The only tabloids to cover this were the Express and The Daily Star
The Sun and The Daily Mirror, who were both found guilty of contempt of court, have ignored it. 
Here's the Star's heartfelt apology to Jefferies for libelling him.
Jefferies suggested one way this could be prevented from happening in the future; "If we're to avoid statutory regulation then the new PCC must have sanctions at its disposal so severe that compliance to the highest possible standards must be compelled."

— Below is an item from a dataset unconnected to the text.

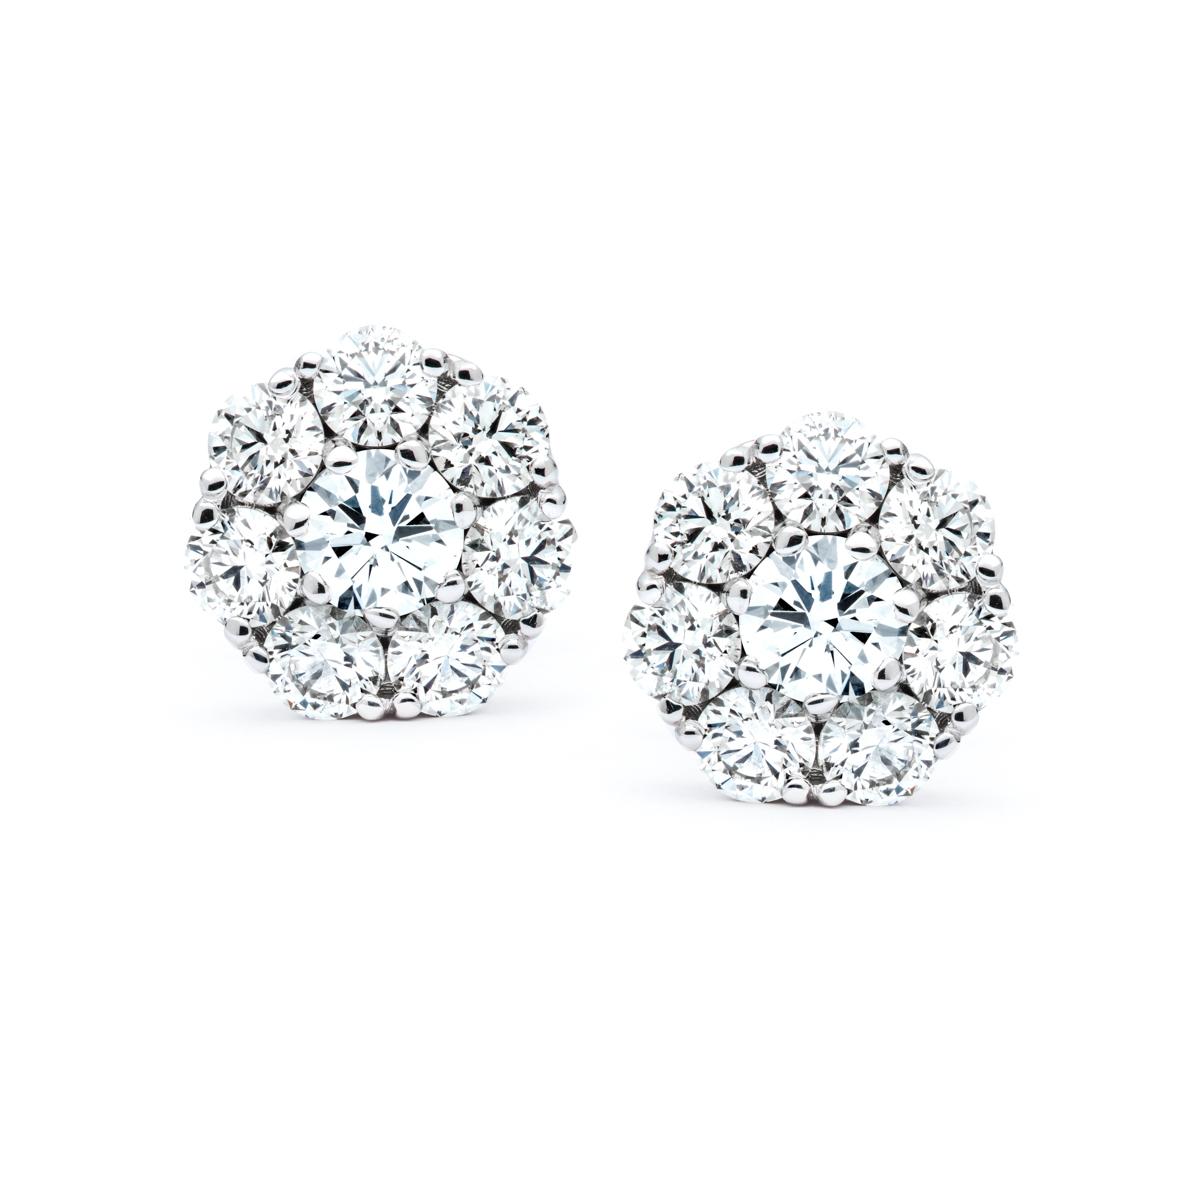 White Gold Diamond Cluster Earrings Jm Edwards Jewelry

* Accounts of Jefferies' talk order the above paragraphs differently. 

Marriage: Too Many Queens


'BRITAIN could end up with TWO Queens on the throne if gay marriage becomes law, an MP warned last night.
'Tory Peter Bone claimed the new legislation would throw the monarchy into crisis. 'He said it would mean a lesbian Queen having a Queen consort or a gay King having a King consort. 'Mr Bone has demanded an emergency summit of Commonwealth leaders to discuss the planned changes.
'He said: "They seem to be rushing this through without thinking of the broader implications."
The MP has fired off a letter to Equalities Minister Lynne Featherstone warning of possible upheaval in the monarchy.
'And he wants to know if it is the Government's plan to change the Royal Marriages Act of 1772 to allow a same-sex union.
'Mr Bone believes this would make it impossible for the monarch to continue as supreme governor of the Church of England.
'And a gay monarch who conceived a child either by sperm donor or surrogate would raise wider questions, he warns...'

The increasingly mad Peter Bone MP - leading Cunt For Marriage - in The Sun Sunday.
And your problem with this is what exactly, dear? 
Easiest solution to the "problem"?
Abolish the monarchy.
Thanks for asking.

Predictably the Mail On Sunday is also vexed by the titular and honorific anarchy we may be unleashing; "At present, if ‘Fred Bloggs’ is given a peerage and becomes ‘Lord Bloggs’, his wife ‘Freda’ becomes ‘Lady Bloggs’. Likewise, the wife of a knight of the realm, ‘Sir Fred Bloggs’, becomes ‘Lady Bloggs’...
"In the case of lesbian ‘Dame Freda Bloggs’, her lesbian married partner ‘Fiona’ could be titled ‘Dame Fiona’ or ‘the Honourable Fiona’" etc etc.
Oh noes!
Oh, and the Mail also claim this; "The Mail on Sunday understands that notwithstanding David Cameron’s publicly stated enthusiasm for gay marriage, it will not be in the Queen’s Speech in May when the Government unveils its legislative plans for next year.
"That means it will not become law for at least two years, possibly not until after the next General Election in 2015."
Fagburn wonders if the Mail have got some (gay) thing right for once.

Saturday, 17 March 2012

Gay Marriage: Those Gay Celebs Opposed to Gay Marriage In Full

On Channel 4 News on Thursday, Sharon Jones of Cunts For Marriage made much play of how "plenty of lesbian and gay people" had signed her petition for inequality, discrimination and homophobic bigotry.
Jon Snow asked her how many, but she couldn't say - because she couldn't know and had probably just made it up.
There are probably a million or three lesbians and gay men in the UK, so it's not impossible that some have signed up to be denied their rights.
Jones also mentioned "those who have spoken publicly in support of this petition".
Which got me wondering about those gay celebrities and public figures who have come out and spoken out against gay marriage.
Here's that list in full.

1. Christopher Biggins.
2. Julie Bindel.
3. Brian Sewell.
4. David Coburn, cunt from UKIP.
5. Err, that's it.

Hardly a stellar list, is it?
And, as you can see, they are all bigots or barking or both. 
Well done.

PS The Independent's Diary has claimed Gilbert & George are opposed to gay marriage - but the quote they used to illustrate this doesn't really back this up.
Gilbert: "Who wants to be married in a church? Not us in a million years; we wouldn't go near one... For us it is very simple; our motto is 'Burn religion'."
Perhaps they are opposed full stop - but Gilbert is only saying here they don't want one.